Antecedents of Soft Drusen, the Specific Deposits of Age-Related Macular Degeneration, in the Biology of Human Macula

AMD pathobiology was irreversibly changed by the recent discovery of extracellular cholesterol-containing deposits in the subretinal space, between the photoreceptors and retinal pigment epithelium (RPE), called subretinal drusenoid deposits (SDDs). SDDs strikingly mirror the topography of rod photoreceptors in human macula, raising the question of whether an equivalent process results in a deposition related to foveal cones. Herein we propose that AMD's pathognomonic lesion-soft drusen and basal linear deposit (BLinD, same material, diffusely distributed)-is the leading candidate.

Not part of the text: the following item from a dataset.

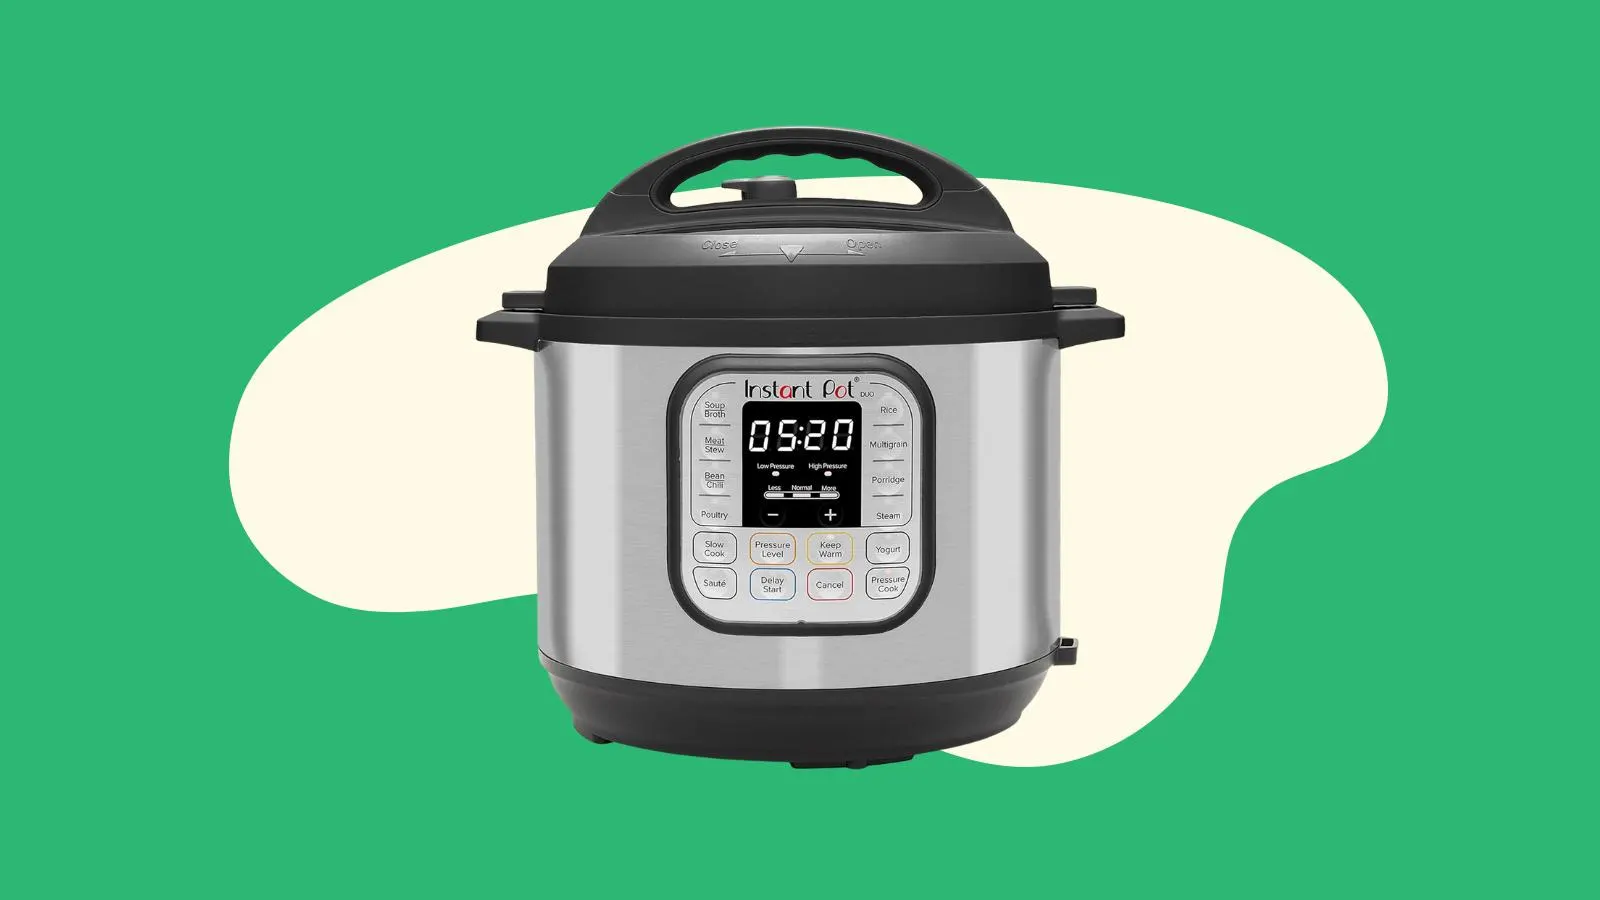 COMFEE' 6 Quart Pressure Cooker 12-in-1, One Touch Kick-Start  Multi-Functional Programmable Slow 
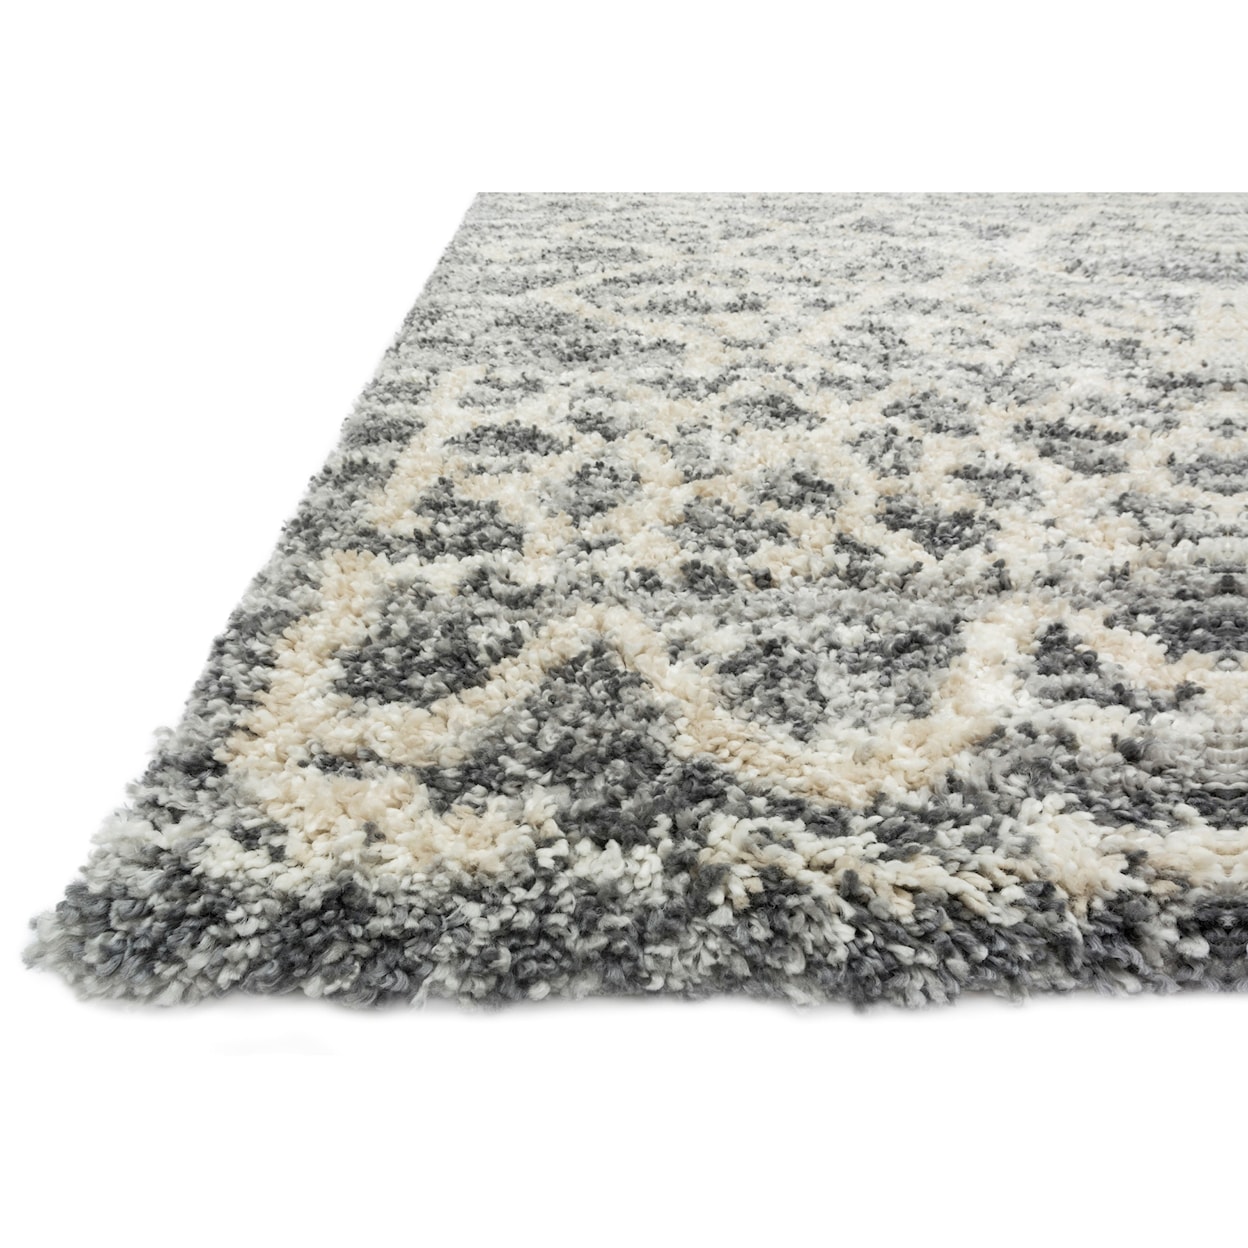 Loloi Rugs Quincy 5'3" x 7'6" Graphite / Beige Rug

Epidemiologic, clinical, and histologic data suggest that these deposits are most abundant in the central macula, under the fovea. Strong evidence presented in a companion article supports the idea that the dominant ultrastructural component is large apolipoprotein B,E-containing lipoproteins, constitutively secreted by RPE. Lipoprotein fatty acids are dominated by linoleate (implicating diet) rather than docosahexaenoate (implicating photoreceptors); we seek within the retina cellular relationships and dietary drivers to explain soft druse topography. The delivery of xanthophyll pigments to highly evolved and numerous Müller cells in the human fovea, through RPE, is one strong candidate, because Müller cells are the main reservoir of these pigments, which replenish from diet. We propose that the evolution of neuroglial relations and xanthophyll delivery that underlie exquisite human foveal vision came with a price, that is, soft drusen and sequela, long after our reproductive years.